§ Task instructions
Beginning with the line that includes "Brand new Satin Bed sheets", return every remaining line of the material exactly as it reads, but not the pictures.

§ Given data
━━━━━━━━━━
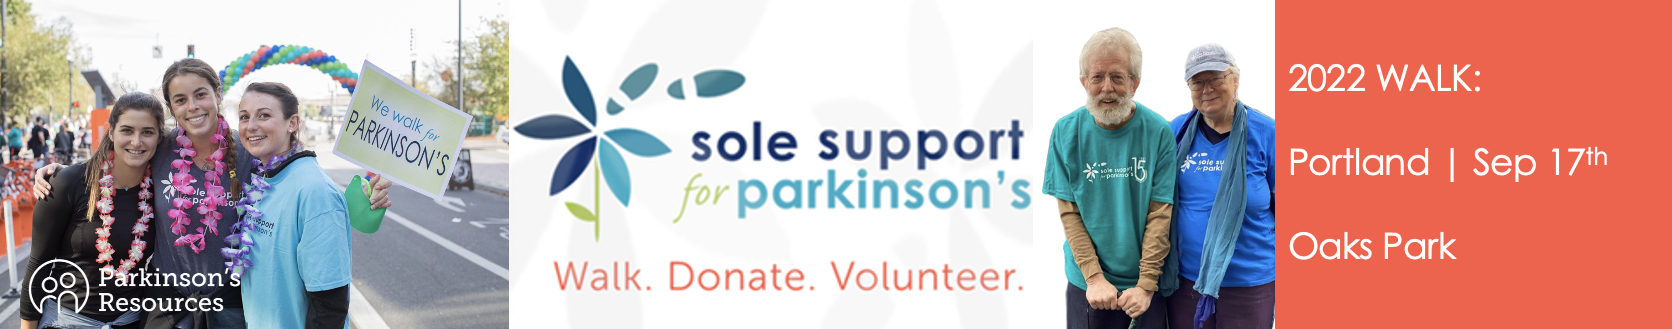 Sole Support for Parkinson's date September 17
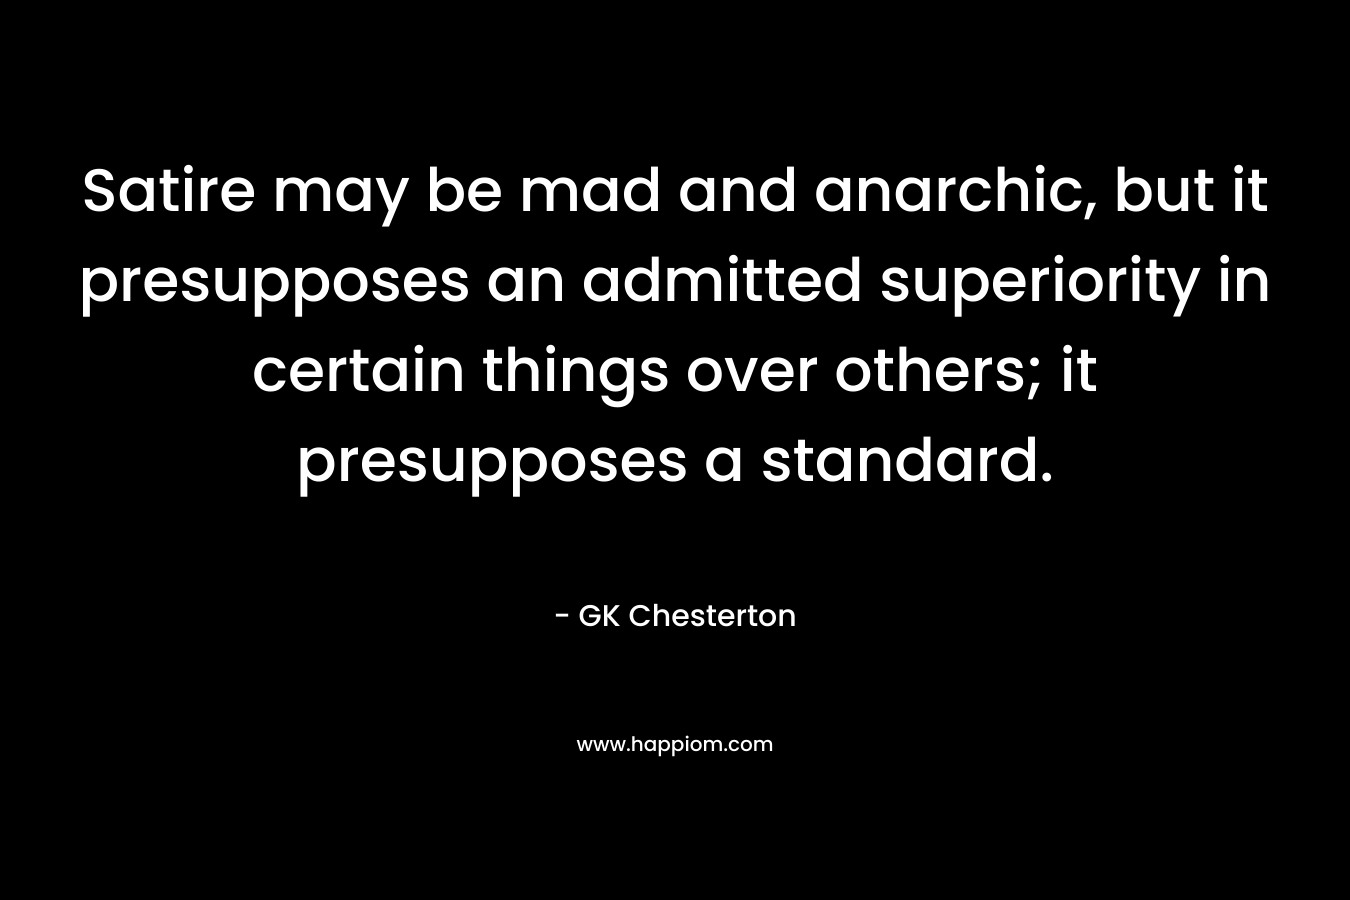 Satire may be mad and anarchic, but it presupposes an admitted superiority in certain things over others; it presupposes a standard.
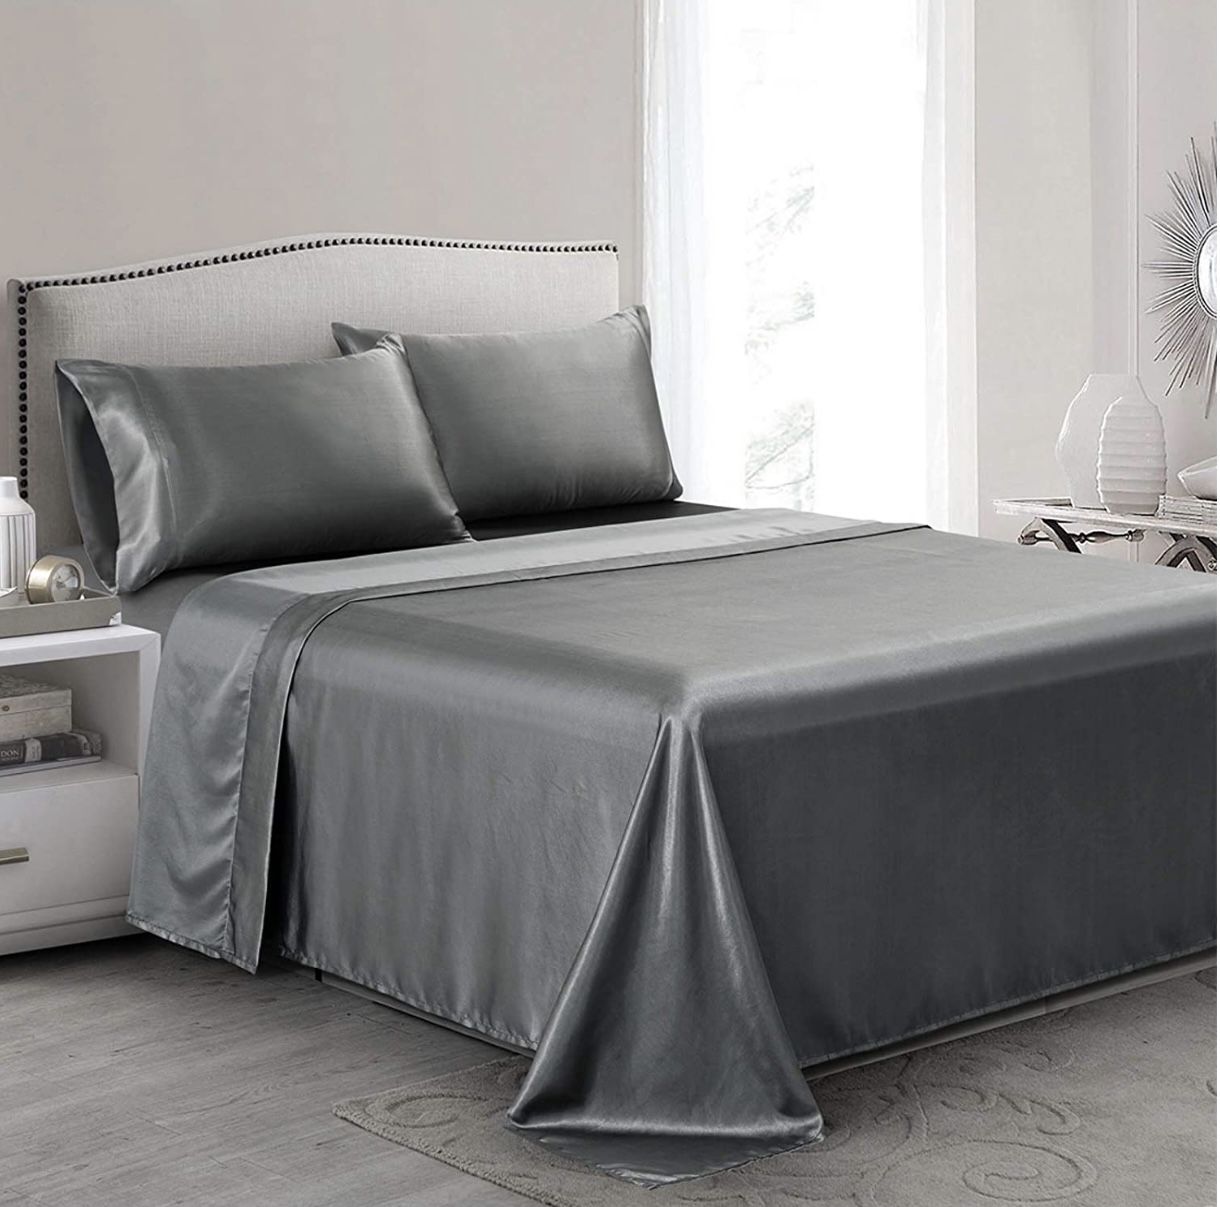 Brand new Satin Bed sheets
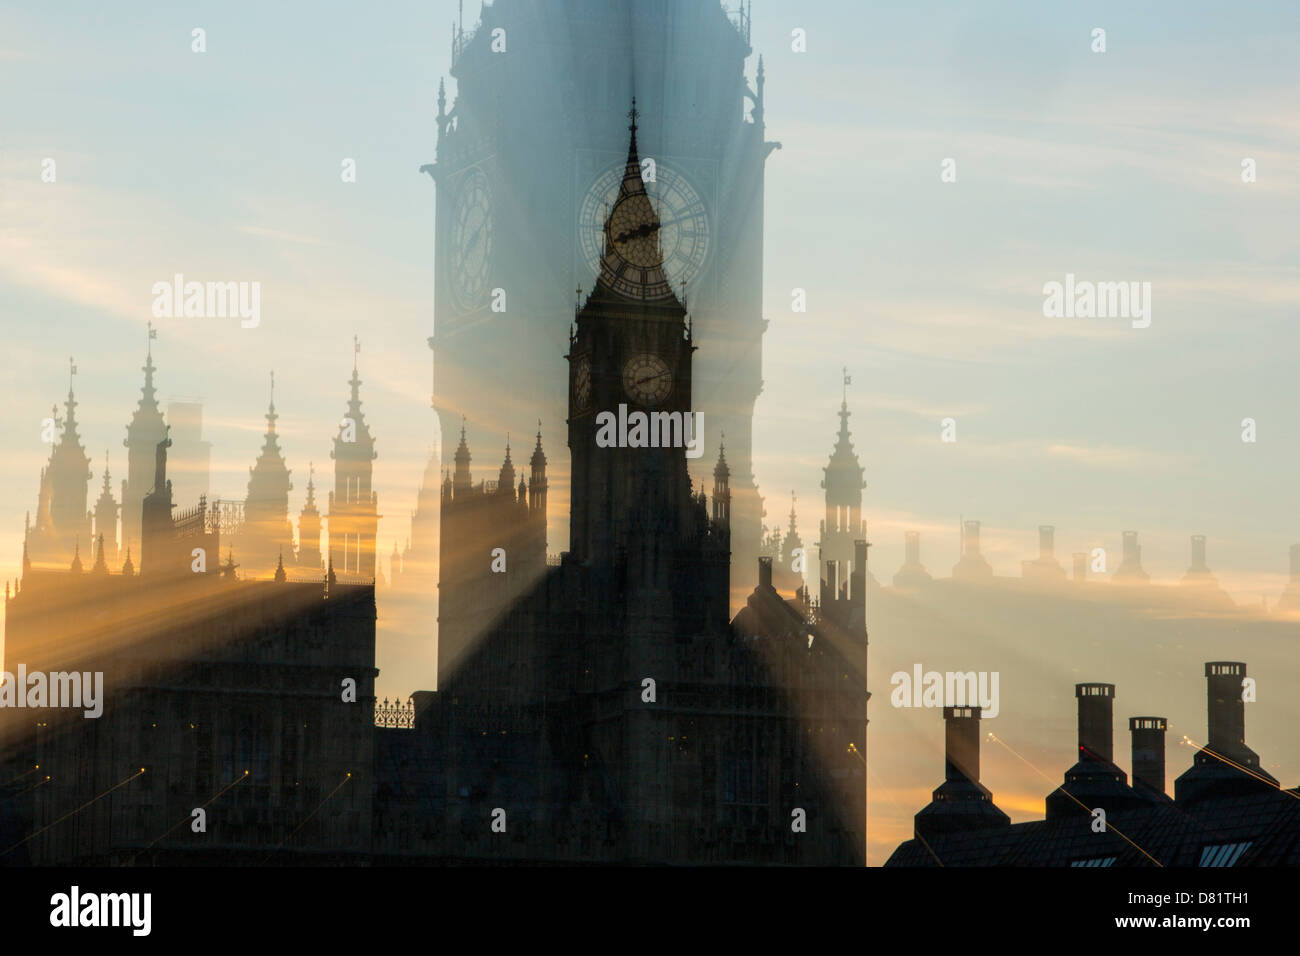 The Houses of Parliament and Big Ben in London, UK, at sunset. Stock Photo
━━━━━━━━━━
§ Expected answer
 Brand new Satin Bed sheets
 The Houses of Parliament and Big Ben in London, UK, at sunset. Stock Photo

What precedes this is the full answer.